All the women had multiple children which they breastfed (maybe some protective hormonal effect?). All were "queen bees" who did not let their husbands boss them around and who were perfectly content to spend decades as widows. All had strong social networks - were very close to their siblings and cousins, in most cases to their children, attended church, and had other friends. None of the men or women were divorced though some were widowed and remarried.

All were "too stubborn to die" and would challenge doctors and fight to stay healthy and independent rather than just give in to some diagnosis. One refused to go to the doctor at all.

fidgiegirl
7-1-11, 11:14am
Wow, the Blue Zones link is really rich. Amazing how positivity and laughter and connectedness keeps coming up here.

Selah
7-1-11, 12:04pm
As all of the above, and get good at differentiating between good stress and bad stress.
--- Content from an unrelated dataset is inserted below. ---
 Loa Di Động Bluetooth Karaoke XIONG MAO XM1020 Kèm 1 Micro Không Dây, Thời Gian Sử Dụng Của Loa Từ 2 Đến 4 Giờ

Take time to attend to your spiritual life, both privately and, if appropriate, in some kind of community or congregation. Live beneath your means. Be grateful for all you have experienced, even the bad stuff...if it didn't kill you, it at least gave you the chance to become stronger, wiser, and more compassionate. Don't tell lies (bad stress) or gossip meanly about people (also bad stress). Give to charity in money, effort, or both. Laugh your head off as often as you can! :)

benhyr
7-1-11, 1:14pm
In addition to all the awesome advice, unless I missed this, wear sunscreen ;)

oh, and don't smoke.

oh, and don't play in traffic.

JaneV2.0
7-2-11, 9:58am
Keep moving, lest you fossilize in place.

creaker
7-2-11, 10:09am
I like these tenets from Blue Zones:
http://www.bluezones.com/live-longer/power-9/

They all seem to make perfect sense, and more than longevity, I think they have a lot to do with happiness and prosperity as well.
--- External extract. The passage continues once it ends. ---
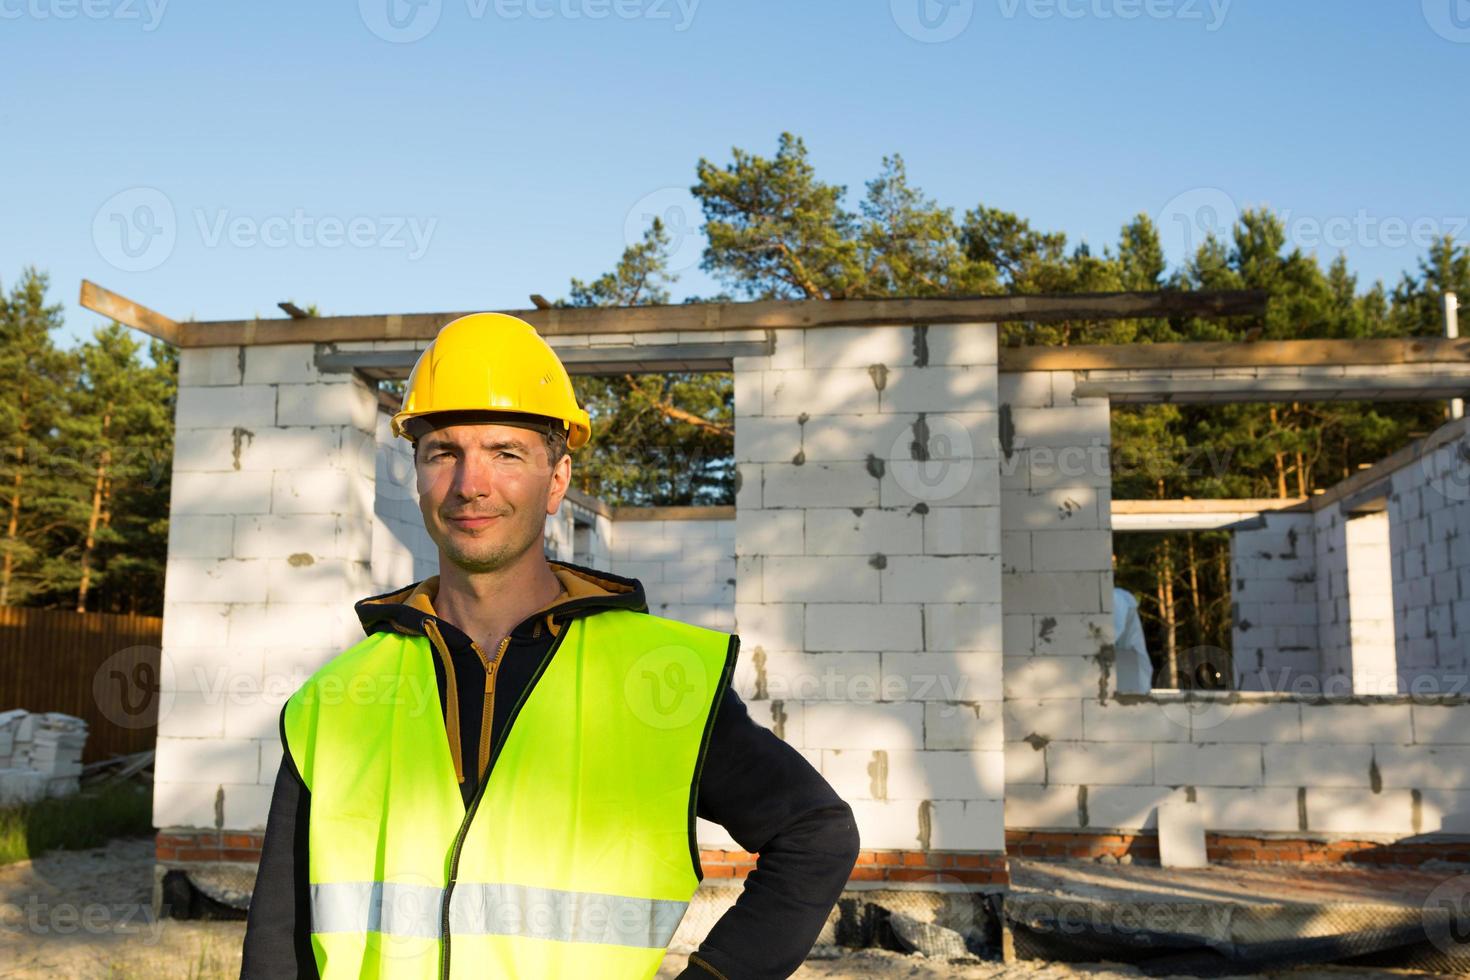 Bauarbeiter spricht auf einem Smartphone in einem gelben Hardhat und einer  reflektierenden Weste vor dem Hintergrund des Hausbaus - die Wände und  Fensteröffnungen bestehen aus porösen Betonblöcken. 8005302 Stock-Photo bei  Vecteezy

These are good just for living - what is the point of longevity without peace & happiness?

pinkytoe
7-2-11, 10:22am
In addition to all the suggestions here, I have noted a certain quality in all my long-lived relatives. Not sure how to describe it, but they have a "cork in the water" attitude about all of life's traumas - an ability to be resilient and stay floating when pulled under.